Phone video footage taken inside the flat that day was also played in court, which showed Ms Ennis bloodied and distressed and a hammer being heated up on a hob.

Ms Ennis said in her victim impact statement which the garda read out that she suffered severe burns to her legs, face and hair and that she can "never get the smell out" of her own skin and body burning.

They had, she said, an aerosol can and a lighter and a heated hammer and the men ran at her at speed from another room and assaulted her.

"Animals wouldn’t have done what they did," she said.

"I was begging them to stop, one woman with eight men, they made me feel so helpless."

She spent five weeks in hospital undergoing skin grafts and surgery twice for injuries to her back and elbow.

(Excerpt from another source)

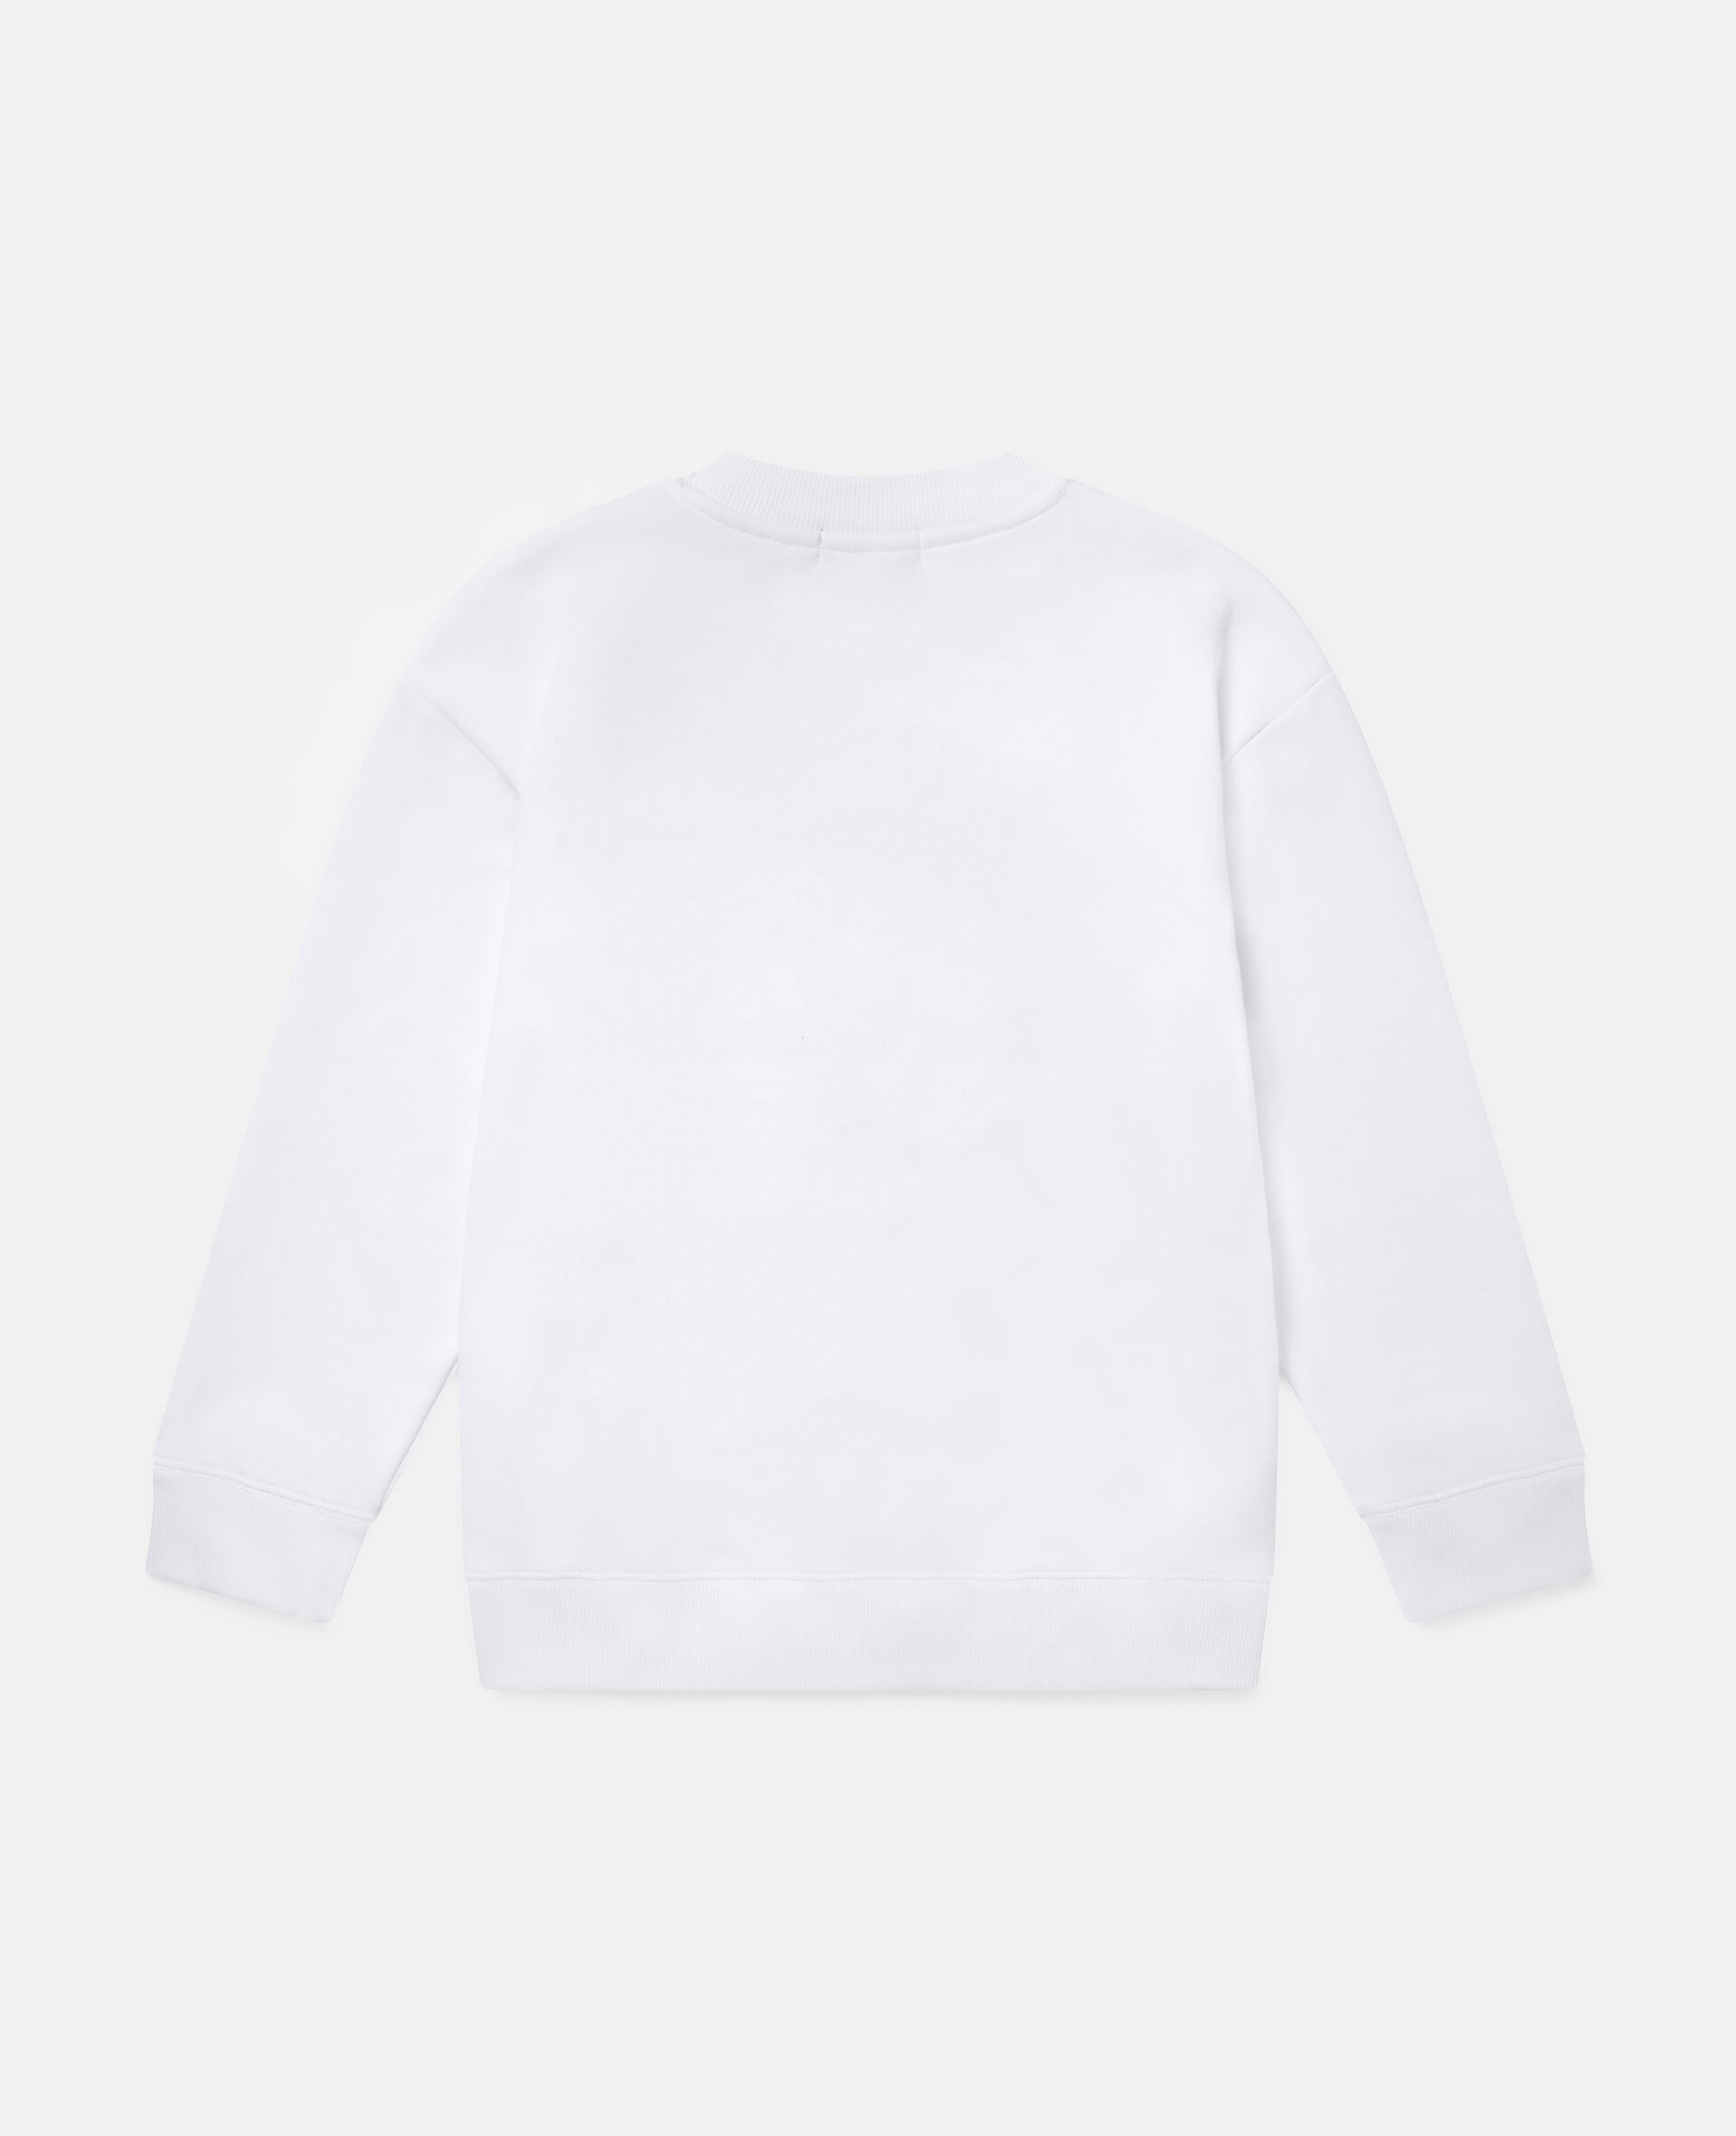 Pizza Skater Fleece Sweatshirt-White-large image number 3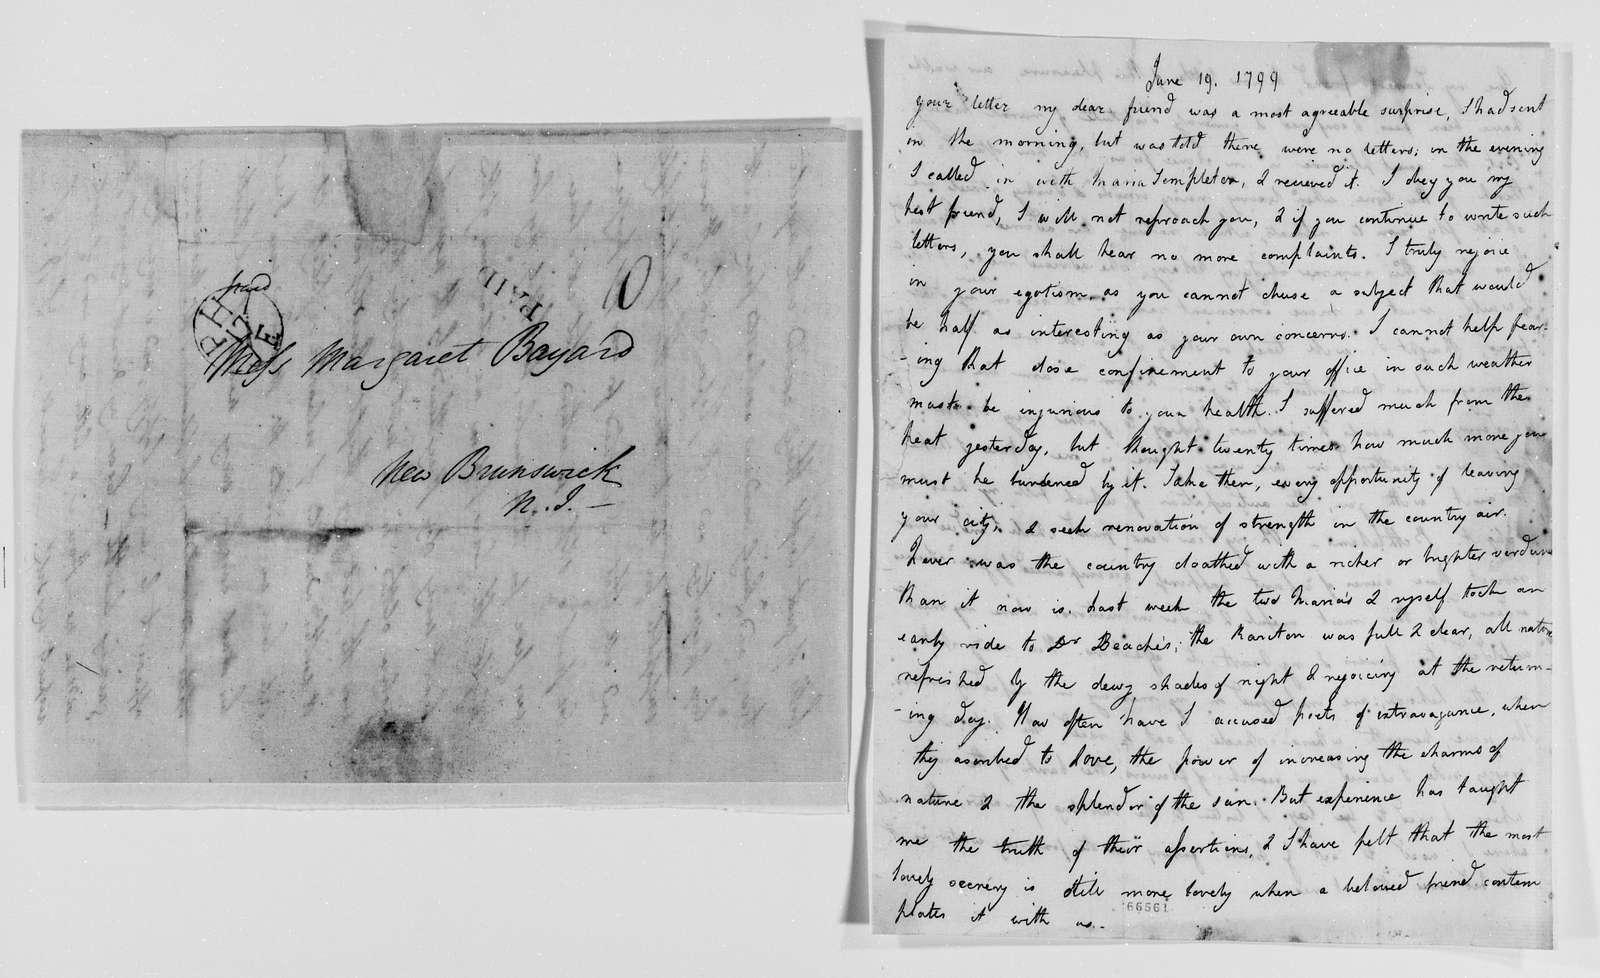 Margaret Bayard Smith Papers: Family Correspondence, 1789-1842; Smith, Samuel Harrison (husband); 1799, Feb.-July

She also sustained a fractured skull, cheek bone and eye socket and scarring to her face and body.

"Supposedly drugs were missing," she said, "It had nothing to do with me.

"No matter what I said, they didn’t believe me.

"I was beaten, stabbed, burned, and tortured to confess to something I knew nothing about."

"I had to give up my daughter and mam's name," she said.

"They said they would get my daughter out of school and rape her, my little girl.

"They got my mam's home address, tortured it out of me, said they were going to her house.

"They said they were going to make me drink ammonia."

Ms Ennis said she still suffers flashbacks where she has to "live it all over again" and night terrors.

She is afraid to go out, particularly at night.

"It has affected my mind, my identity," she said.

"Three hours felt like three years, I burst out crying when I think about it, nothing helps.

"I will never forgive these sick human beings. I never knew humanity could be so cruel," she said. "I hope you can sleep well at night 'cos I can’t."

Judge Codd said Ms Ennis had been through "unimaginable trauma".